Miroïr était formel avec lui, il se souciait des convenances. Il salua le roi en s'inclinant lorsqu'il vit Zarkhaïm avoir un sourire en coin, amusé.
"Tu n'as pas besoin de ça avec moi." dit-il d'une voix douce.
Zarkhaïm était à la fois distant et très proche, Miroïr ne comprenait jamais ses intentions. Il parla d'une voix froide, assis à côté de Miroïr sur le banc de pierre.
"Les gens commencent à parler, ils ont peur. Demain, lors de la réunion, je veux que tu proposes une solution pour intégrer publiquement les mages dans la société."
Miroïr l'écouta attentivement. Il avait déjà réfléchi à cette question, il avait déjà prévu une solution et attendait une réunion officielle avec Zarkhaïm et Jäwell pour en parler. Zarkhaïm s'amusa, dans l'obscurité de la nuit, Miroïr eut la sensation que le visage du roi s'éclaira soudainement.
"Mais je sais que tu as déjà un plan, n'est-ce pas ?"
Miroïr fut surpris, il acquiesça en silence. Il ne savait pas comment réagir, c'était comme si Zarkhaïm le connaissait. Le roi se leva, sa longue cape noire le suivit, Miroïr l'observa avec admiration, tout ce qui concernait Zarkhaïm à cet instant lui paraissait surréaliste. Il faillit lever la main pour le toucher. Il s'arrêta avant de l'atteindre. Zarkhaïm se tourna vers lui et lui adressa un sourire chaleureux.
"A demain donc, j'ai hâte d'entendre ce que tu vas nous raconter."

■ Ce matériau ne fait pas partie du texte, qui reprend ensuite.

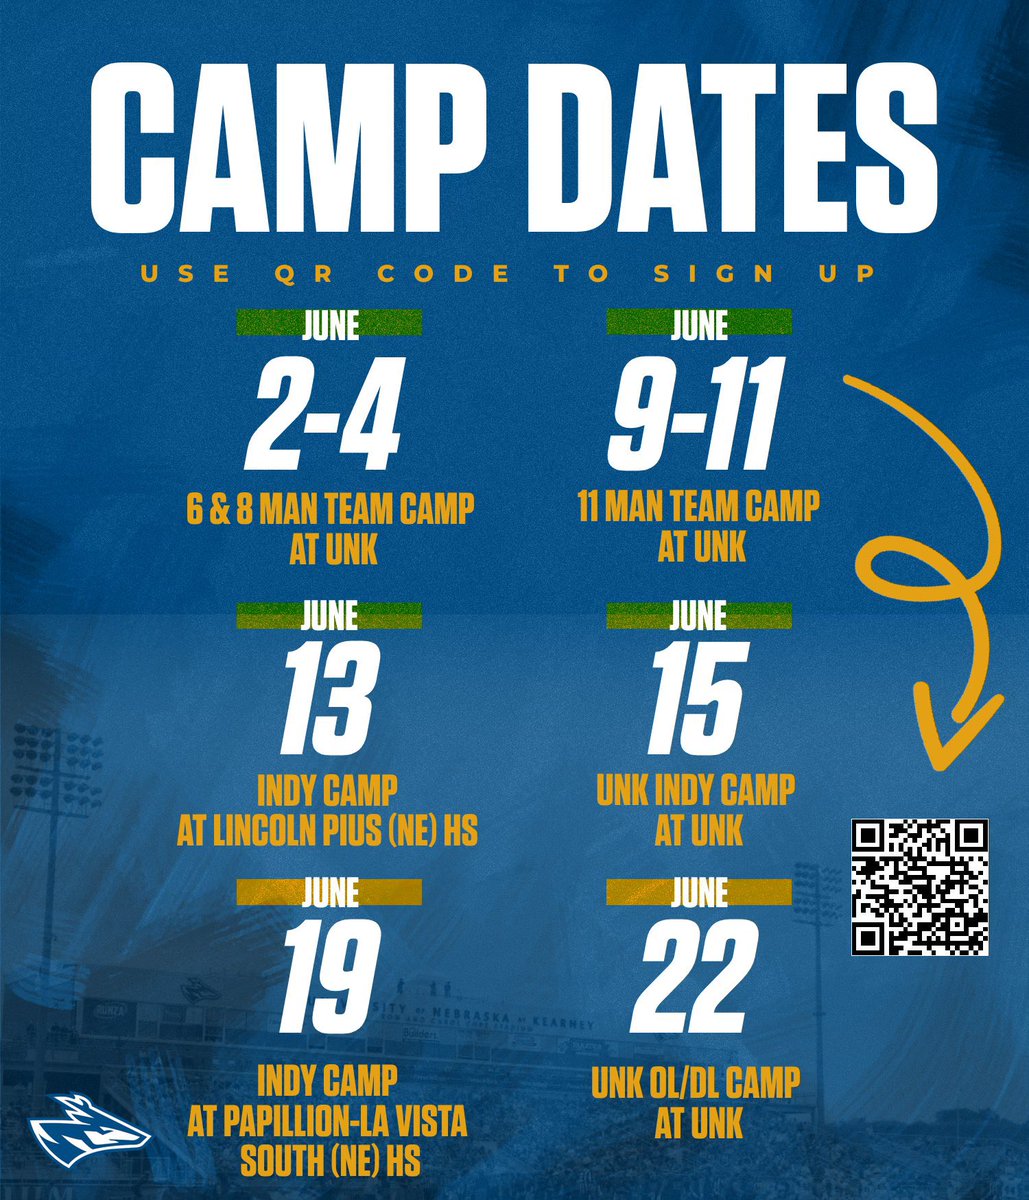 Lots of opportunities to get better this summer. Team Camps and Indy Camps. Camp with the Lopers 🤘🏼
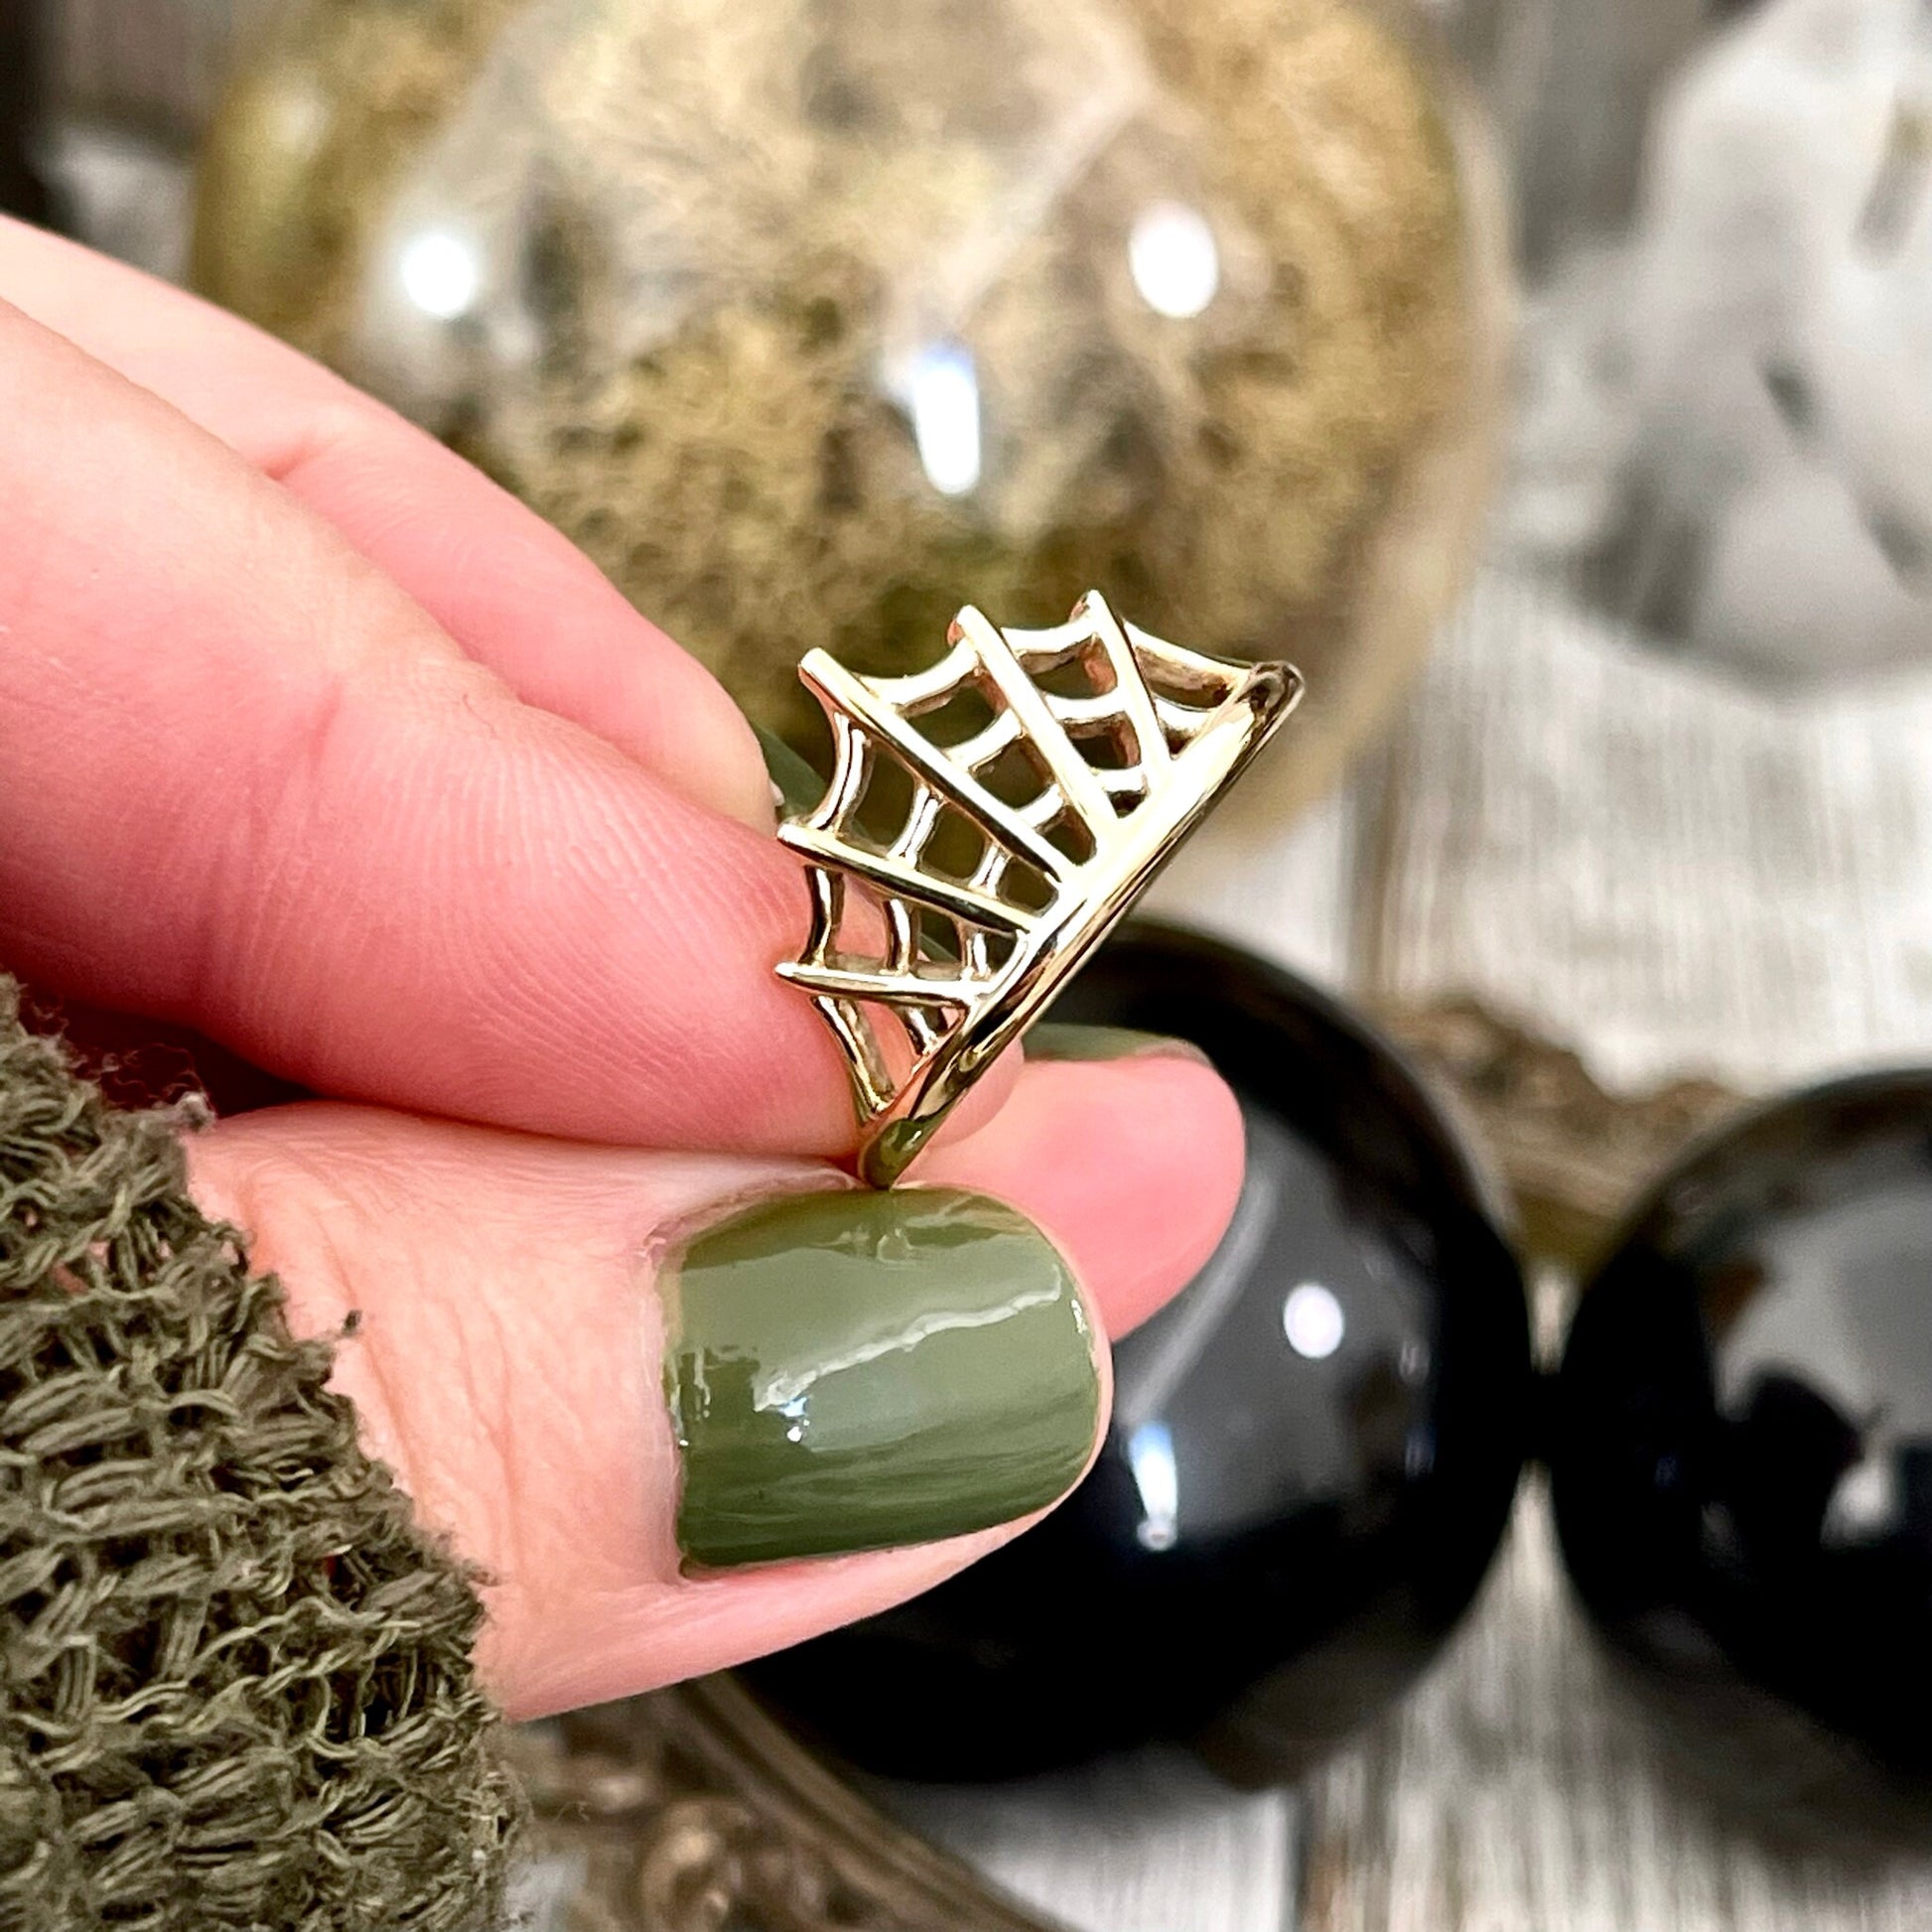 Bohemian Ring, boho jewelry, boho ring, Etsy ID: 1593937354, Festival Jewelry, Goth Jewelry, Gothic Jewelry, gypsy ring, Jewelry, Rings, Size 7 8 9, Spider Web Ring, Statement Rings, TINY TALISMANS, Witch Jewelry, Witchy Ring

Zarkhaïm partit lentement, disparaissant dans l'ombre. Miroïr resta là, sur le banc. Alors qu'il regardait le roi s'éloigner, il murmura surtout pour lui-même.
"Merci d'avoir cru en moi..."
Le lendemain, lors de la réunion, Miroïr présenta son idée.
Si le pays était globalement en paix, il y avait très souvent des attaques à la frontière et les villages alentour n'étaient pas protégés. Miroïr eut l'idée de travailler sur un bouclier magique qui protégerait tout individu non-armé. Ainsi, les civils seraient épargnés. C'était un projet d'envergure. Il y travaillait déjà et il était sûr qu'avec le temps il y arriverait. En protégeant les civils, Miroïr était sûr que la population serait plus ouverte à l'idée d'avoir des mages parmi eux.
Si les généraux trouvaient cela ridicule car ils ne croyaient pas à ce genre de pouvoir, ils n'avaient d'autre choix que d'accepter la proposition. Qu'ils le veuillent ou non, Jäwell et Zarkhaïm soutenaient Miroïr.